SUPPLIED MATERIAL:
——

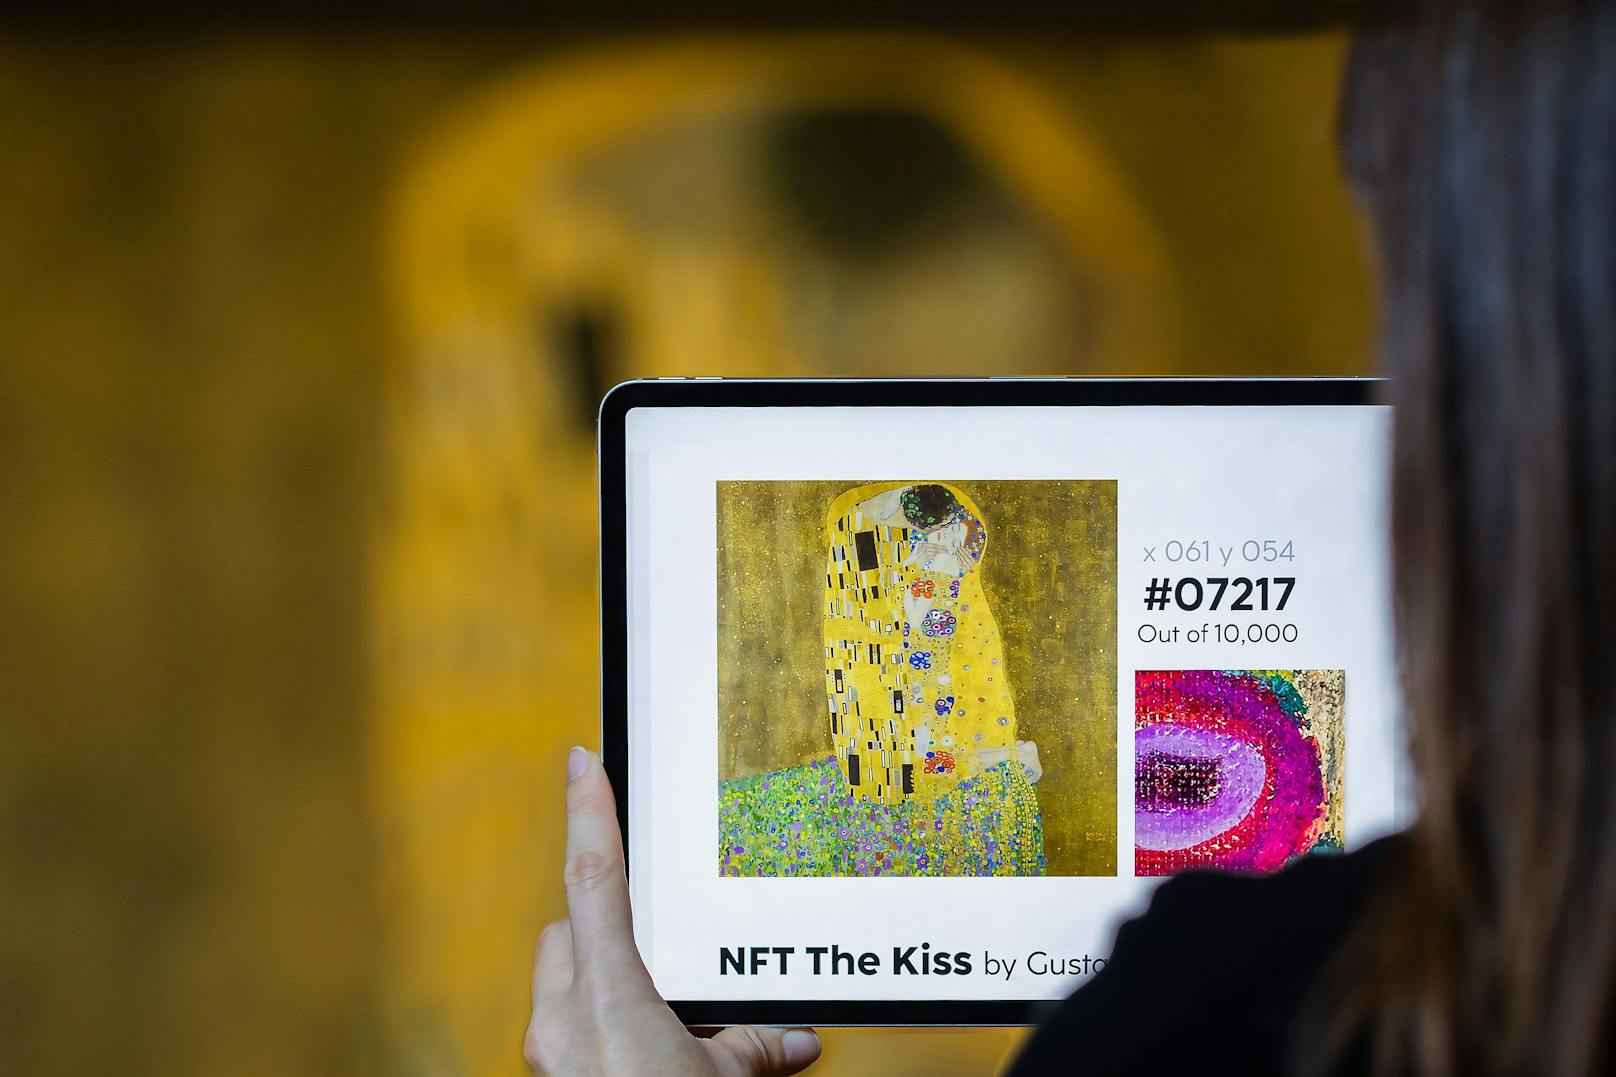 Ein Stück von Klimts "Der Kuss" gibt's um 1.850 Euro
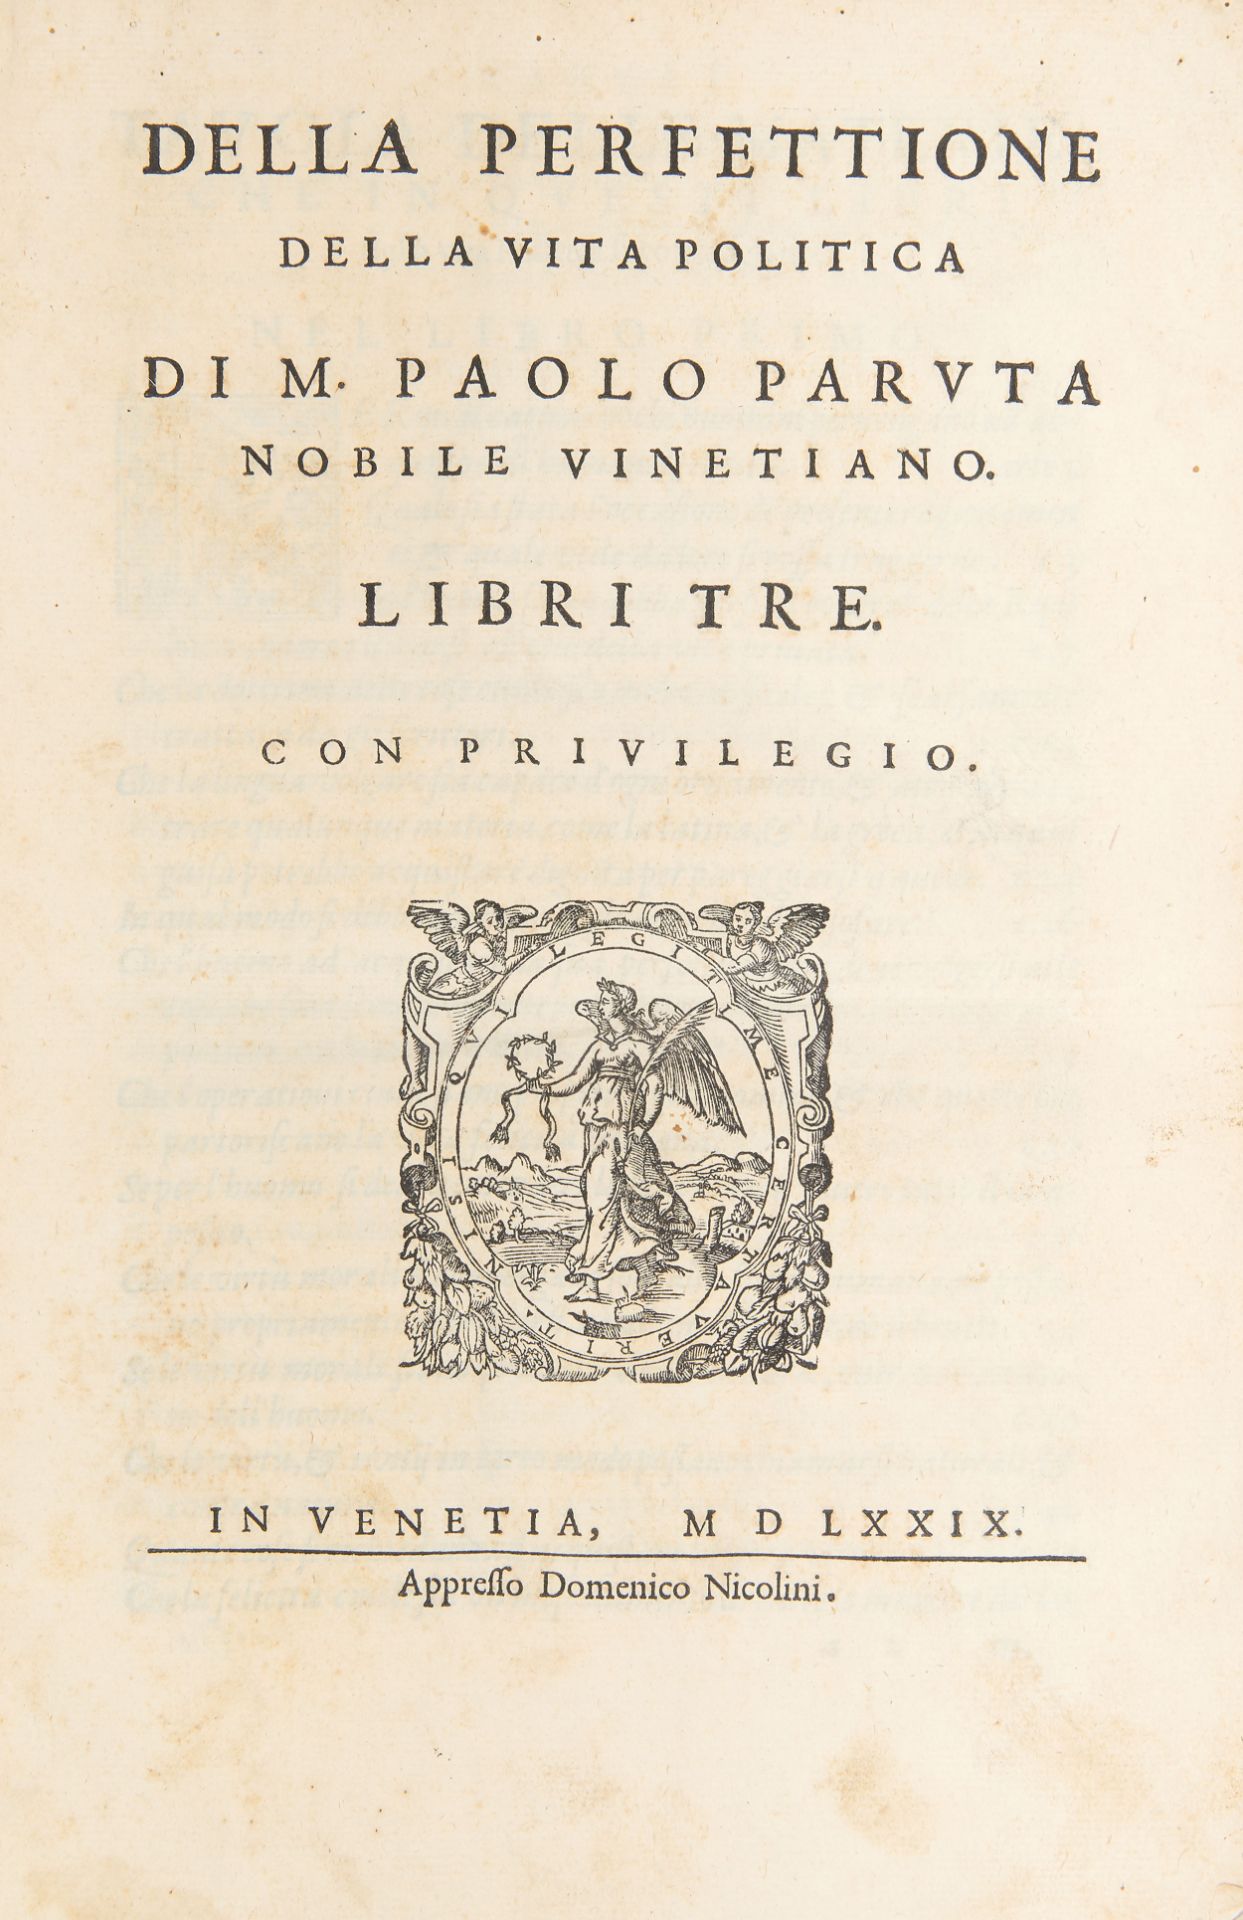 PARUTA, Paolo (1540-1598). Della perfettione della vita politica. Venice: Nicolini, 1579.
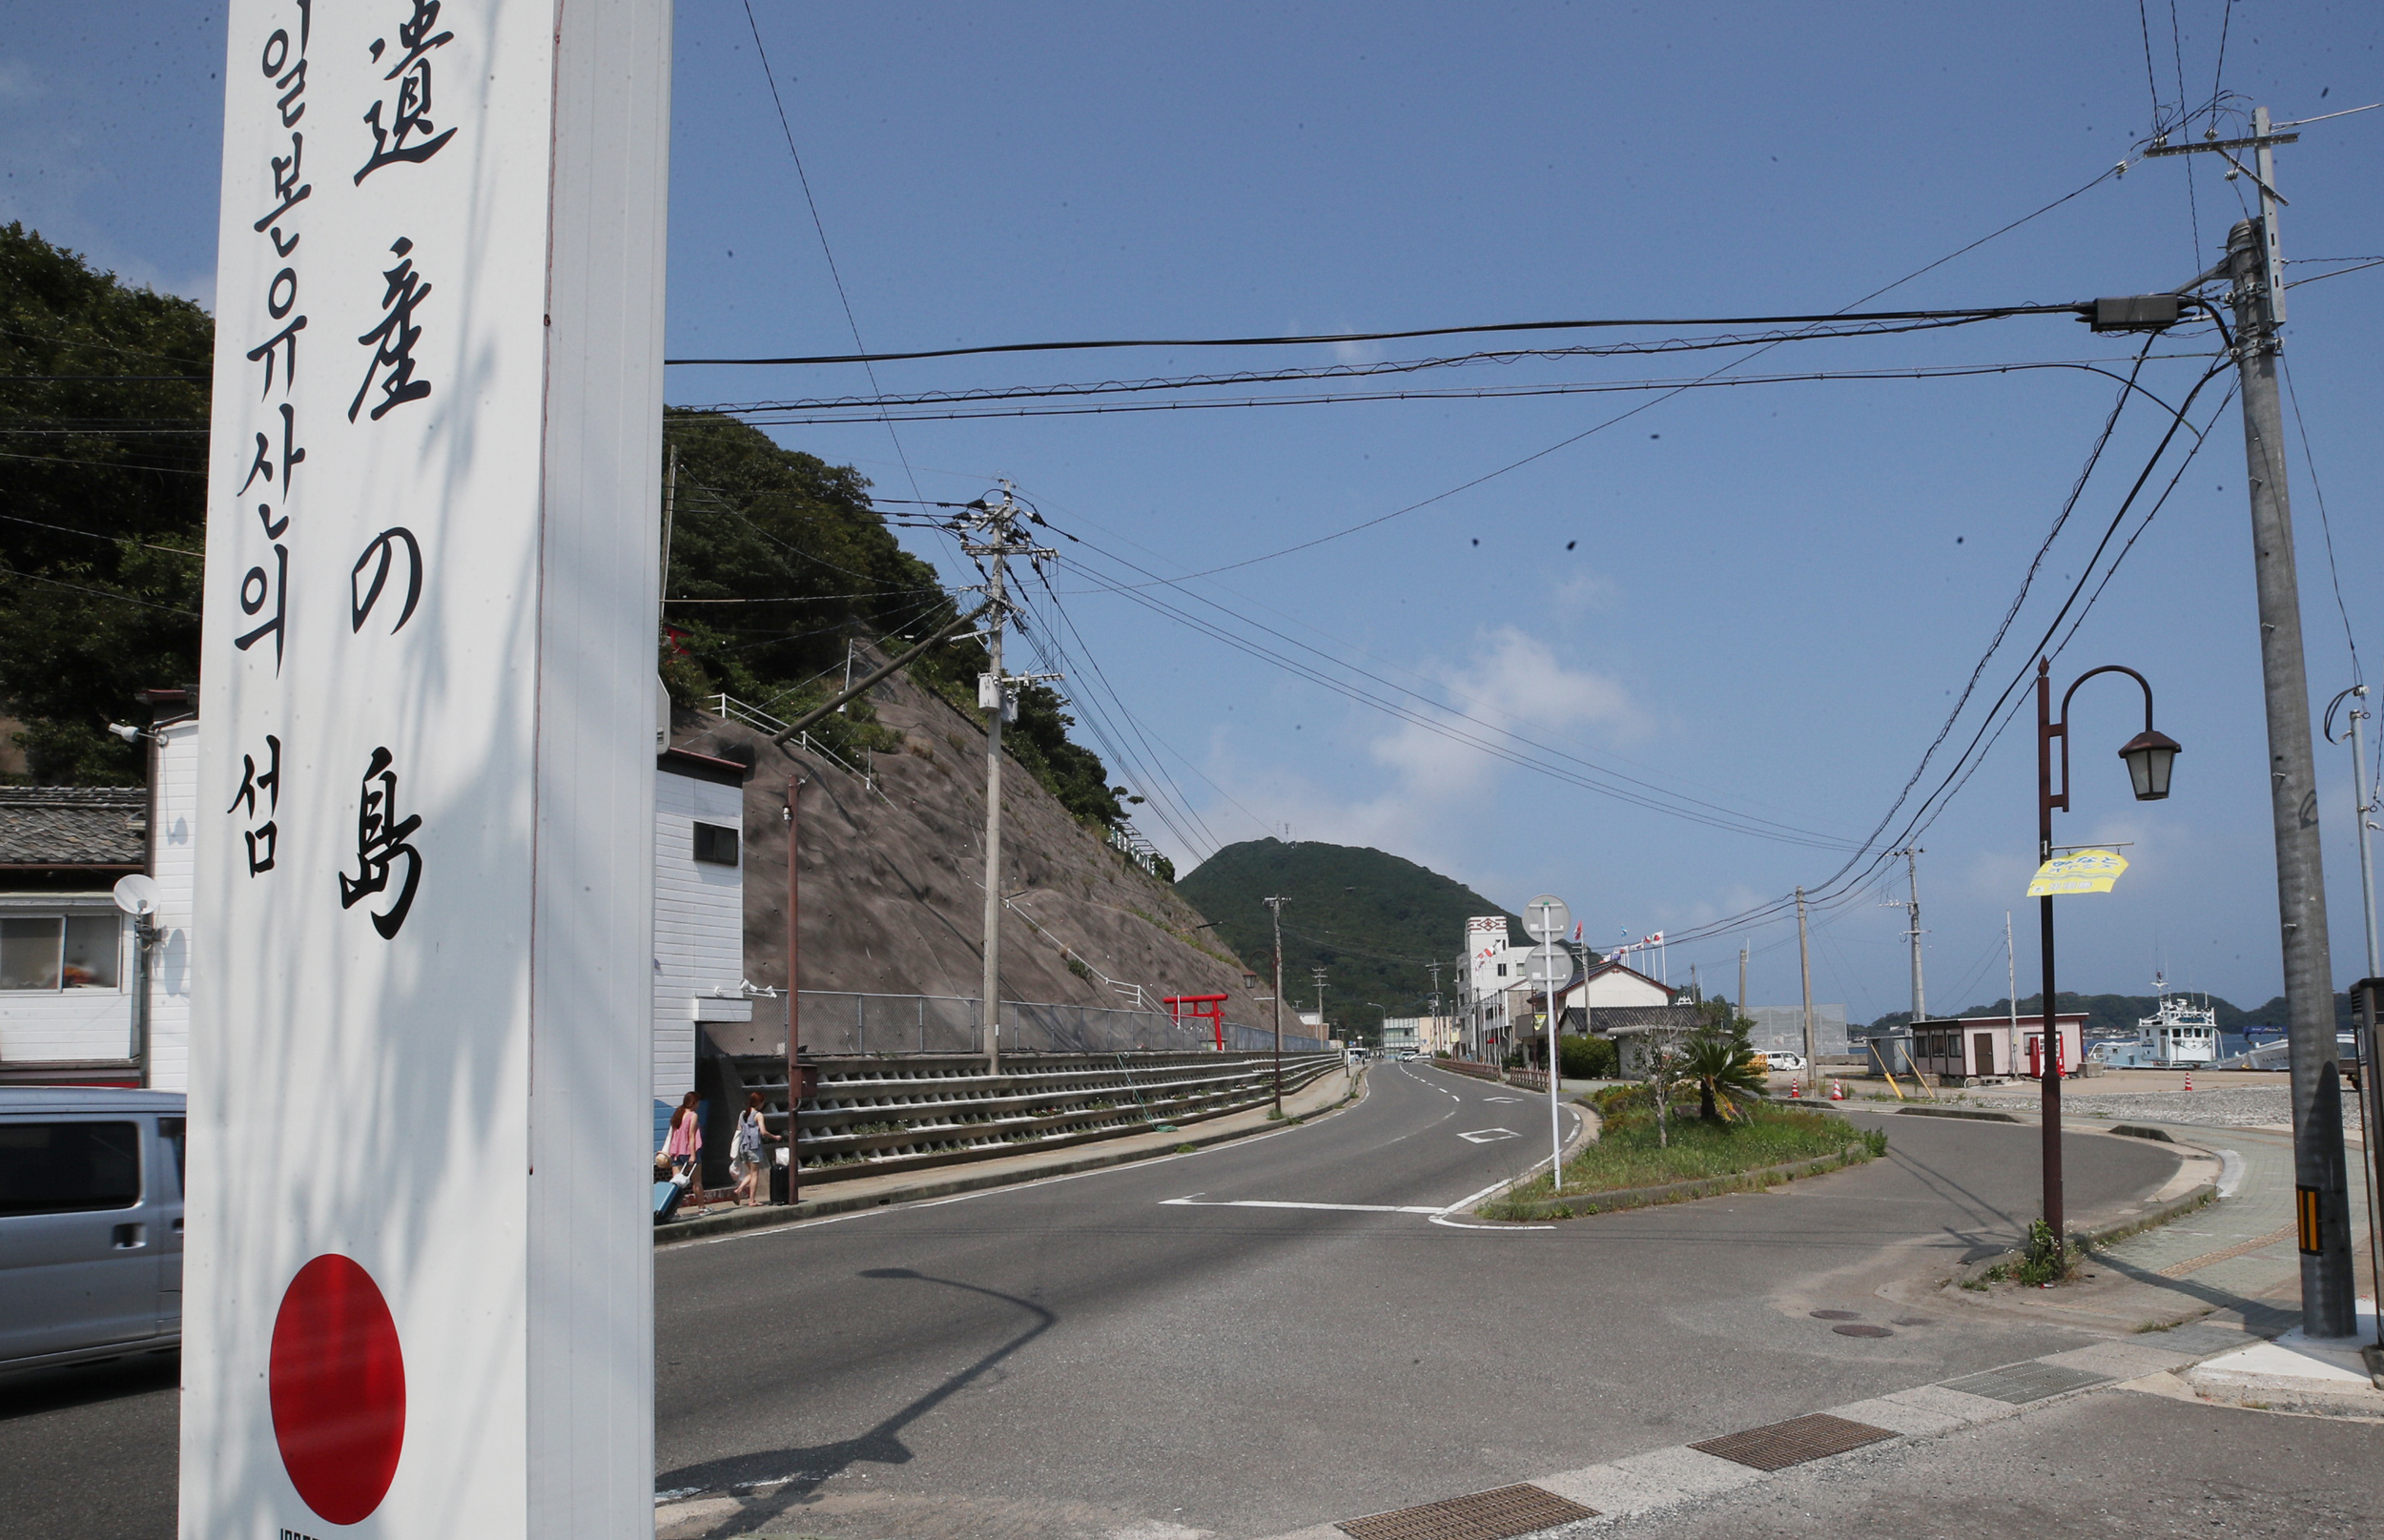 일본 불매 운동으로 썰렁한 대마도 거리

——

TASK TO CARRY OUT: Exactly the lines from the line that contains "PARUTA, Paolo (1540-1598)." through the last line above, and no other lines, must be output, with pictures excluded.

RESPONSE TO THE EXERCISE:
 PARUTA, Paolo (1540-1598). Della perfettione della vita politica. Venice: Nicolini, 1579.
 일본 불매 운동으로 썰렁한 대마도 거리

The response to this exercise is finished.